3.1. Monolithic detector
The results for the monolithic detector are summarized in figure 3, as a function of crystal surface roughness. Light response functions for the central and edge rows respectively, are shown for four adjacent MPPC pixels at the central DOI. The FWHM width of the LRF was calculated as a function of DOI and crystal surface roughness, for events taking place in the center of the crystal, as well as along the edge. The values were obtained by fitting with a Gaussian function. It can be observed that regardless of the surface properties of the crystal, the depth dependence of the LRF is almost linear, both for the central part and the edge of the crystal. As expected, the width of the LRF is increasing with distance from the photodetector plane. Flood maps are shown for a polished crystal, as well as a rough one with σα=20°. The discontinuities in the maps are due to the discrete number of interaction depths simulated, where the width of the flood maps increases with increasing DOI. It is also evident that the flat nature of the LRF, especially close to the detector entrance surface, makes event positioning using the simple centroid estimator difficult. Furthermore, a rough outer detector surface results in smaller spread in the flood maps and impaired transversal detector resolution compared to a polished crystal.
Figure 3.
Top: LRF for four adjacent MPPC pixels at a central interaction depth (Z=10 mm), as a function of event location. Results are shown for a polished crystal and a rough one with σα=20°, as well as for central and edge beam scans. Middle: FWHM of the LRF for one central MPPC pixel as a function of DOI and surface roughness. The values are obtained by fitting the LRF at each interaction depth with a Gaussian curve and determination of the FWHM width. The error bars correspond to the 95% confidence interval of the fitting parameter. Results are shown for events simulated in the center of the crystal, as well as along the edge. Bottom: Flood maps for the monolithic crystal with polished and rough side surfaces, respectively. The maps shown are the summation of 7 discrete crystal depths (3 mm separation in Z).
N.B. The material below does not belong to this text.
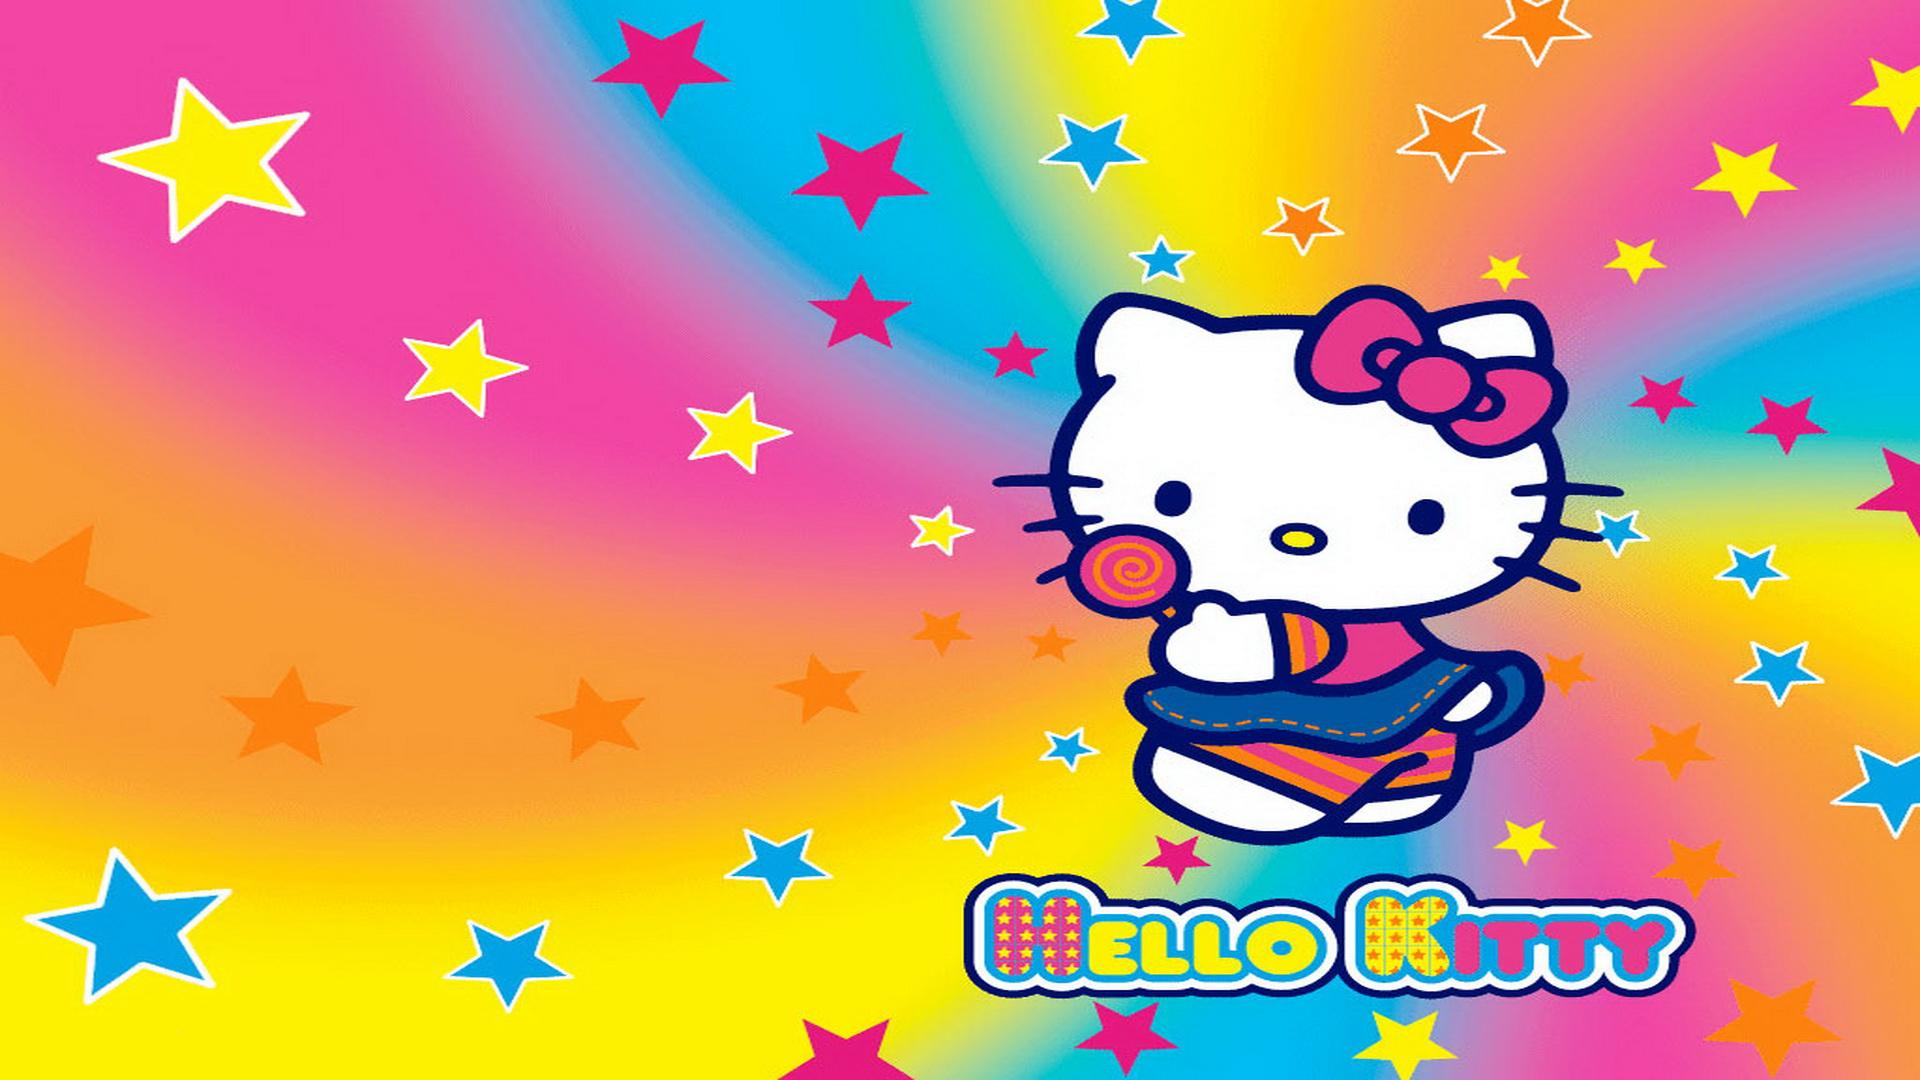 3D Hello Kitty Wallpaper - WallpaperSafari

3.2. Mechanically pixelated array
Figure 4 summarizes the results for the mechanically pixelated array. For this detector type, unlike for the monolithic detector, there is no DOI dependence observed in the LRF. Furthermore, the step-like nature of the LRF shows that events from within the same pixel will all be mapped to the center of that pixel. This is in contrast to the LRF for the monolithic detector that, as expected, has a more continuous appearance. The flood maps show that for the polished array all pixels can be well resolved except the edge pixels that are barely separable. For the rough pixel surface, events tend to group to the center of each MPPC pixel, and the edge pixels are completely merged. The same trends are observed both in the central and edge line profiles.
Figure 4.
LRF for 4 adjacent MPPC pixels at central interaction depth (Z=10 mm), as a function of pixel surface roughness and location of the beam scan (center or edge). Middle: FWHM width of the LRF as a function of DOI and pixel surface roughness for one central MPPC pixel. The values are obtained by fitting the LRF with a Gaussian curve. The error bars correspond to the 95% confidence interval of the fitting parameter. Results are shown both for central and edge beam scans. Bottom: Flood maps and line profiles for arrays with polished and rough pixel surfaces, respectively. The flood maps are the summation of 7 discrete crystal depths. The line profiles are taken along a central and an edge pixel row respectively. It should be noted that the figure shows one quarter of the crystal in the XY-direction, and hence 10.5 pixels should be seen in the line profiles if all pixels are to be resolved.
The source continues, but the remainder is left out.